On Mon, 2014-03-03 at 11:47 +0000, Andrew J. Bennieston wrote:

From: "Andrew J. Bennieston" <andrew.bennieston@xxxxxxxxxx>

In preparation for multi-queue support in xen-netback, move the
queue-specific data from struct xenvif into struct xenvif_queue, and
update the rest of the code to use this.

Also[...]

Finally,[...]


This is already quite a big patch, and I don't think the commit log
covers everything it changes/refactors, does it?

It's always a good idea to break these things apart but in particular
separating the mechanical stuff (s/vif/queue/g) from the non-mechanical
stuff, since the mechanical stuff is essentially trivial to review and
getting it out the way makes the non-mechanical stuff much easier to
check (or even spot).


The vast majority of changes in this patch are s/vif/queue/g.

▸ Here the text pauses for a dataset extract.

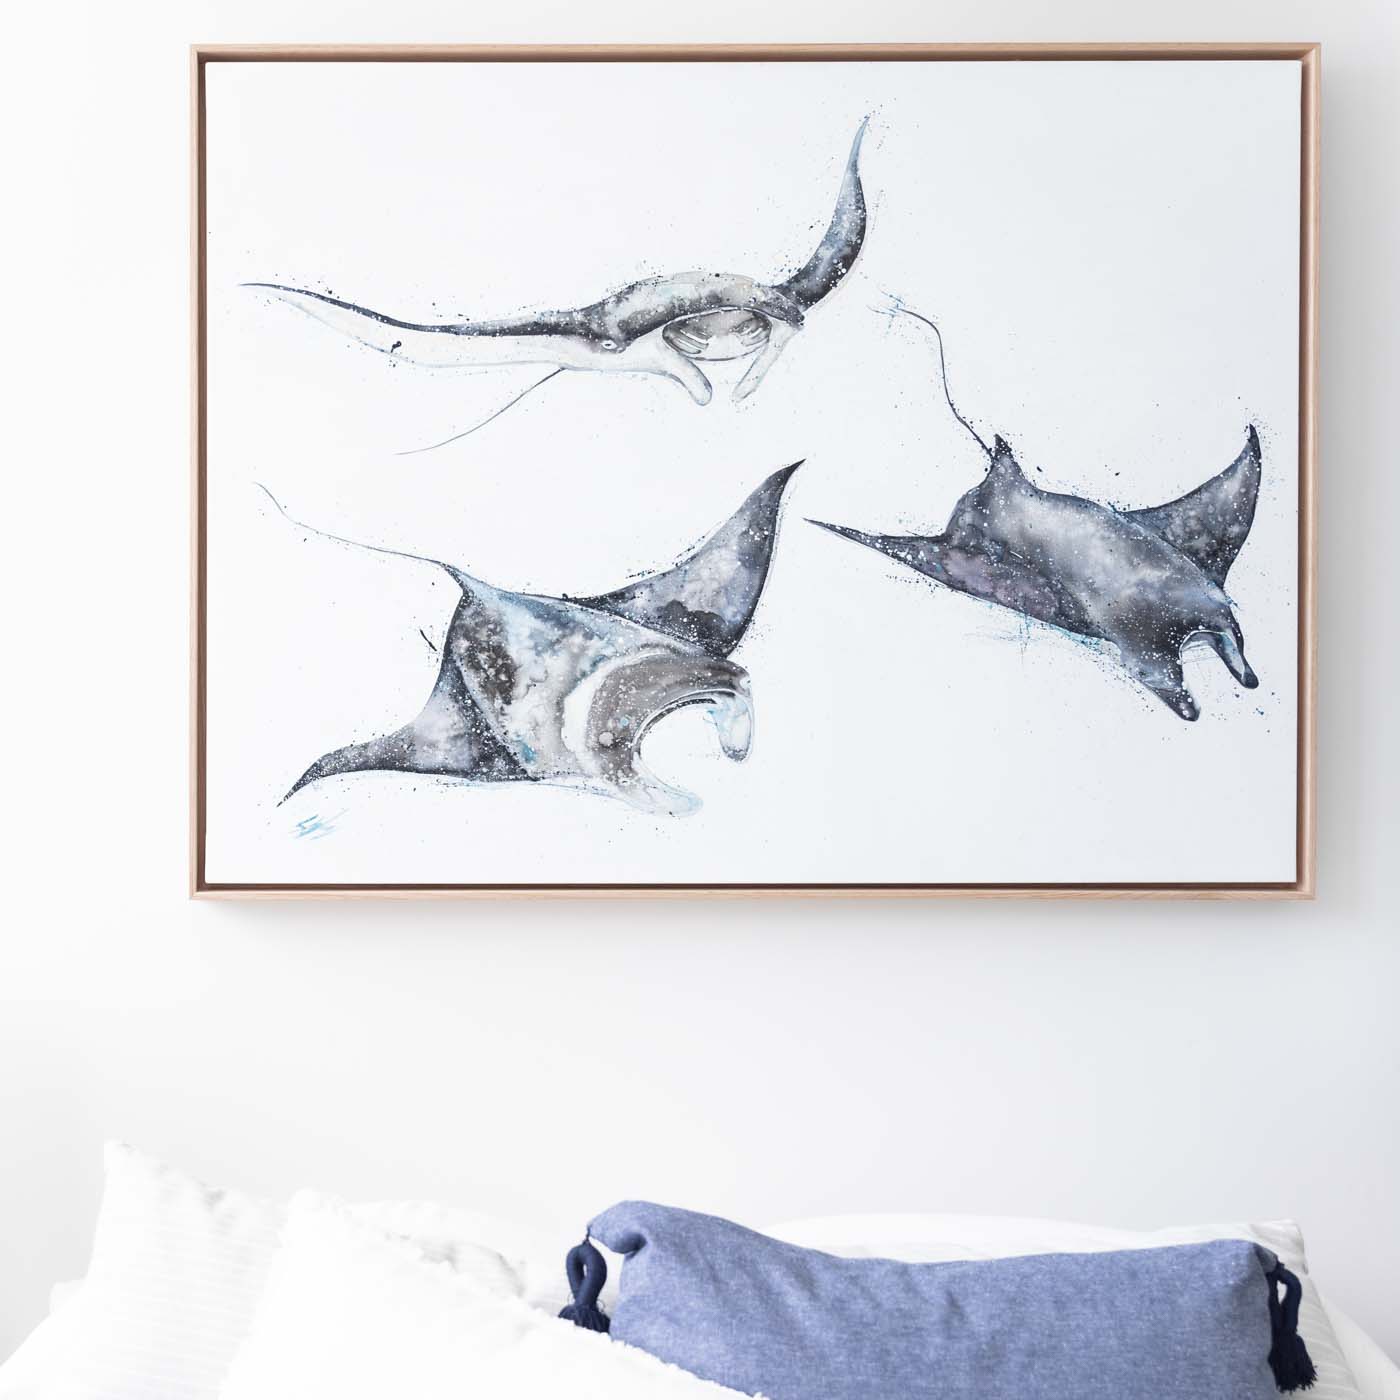 manta rays framed canvas print
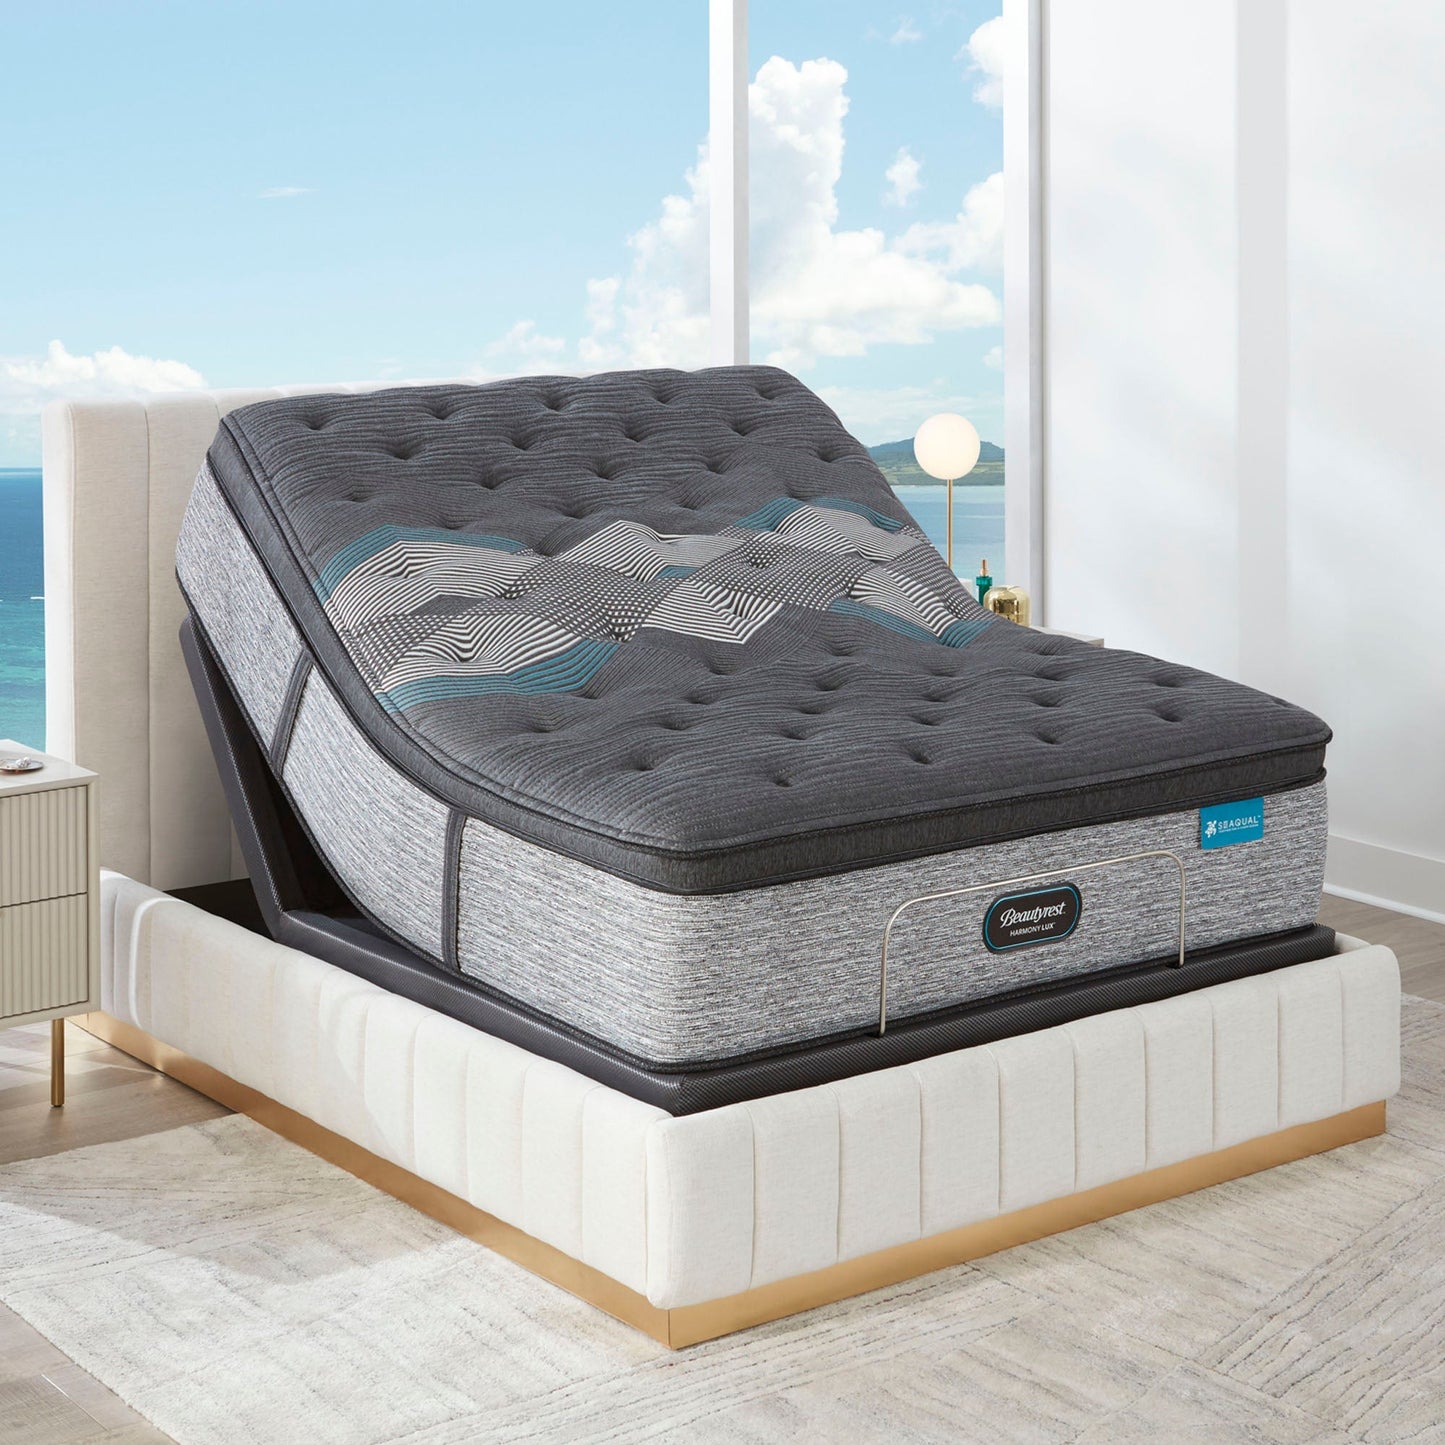 Beautyrest Harmony Lux Diamond Series Ultra Plush Pillowtop Mattress On Adjustable Base In Bedroom

The rest
are related changes, such as inserting loops over queues, and moving
queue-specific initialisation away from the vif-wide initialisation, so
that it can be done once per queue.

I consider these things to be logically related and definitely within
the purview of this single patch. Without doing this, it is difficult to
get a patch that results in something that even compiles, without
putting in a bunch of placeholder code that will be removed in the very
next patch.

When I split this feature into multiple patches, I took care to group
as little as possible into this first patch (and the same for netfront).
It is still a large patch, but by my count most of this is a simple
replacement of vif with queue...

A first-order approximation, searching for line pairs where the first
has 'vif' and the second has 'queue', yields:

â xen-netback git:(saturn) git show HEAD~4 | grep -A 1 vif | grep queue| wc -l

380

i.e. 760 (=380*2) lines out of the 2240 (~ 40%) are trivial replacements
of vif with queue, and this is not counting multi-line replacements, of
which there are many. What remains is mostly adding loops over these
queues. This could, in principle, be done in a second patch, but the
impact of this is small.


Signed-off-by: Andrew J. Bennieston <andrew.bennieston@xxxxxxxxxx>
Reviewed-by: Paul Durrant <paul.durrant@xxxxxxxxxx>
---
  drivers/net/xen-netback/common.h    |   85 ++++--
  drivers/net/xen-netback/interface.c |  329 ++++++++++++++--------
  drivers/net/xen-netback/netback.c   |  530 ++++++++++++++++++-----------------
  drivers/net/xen-netback/xenbus.c    |   87 ++++--
  4 files changed, 608 insertions(+), 423 deletions(-)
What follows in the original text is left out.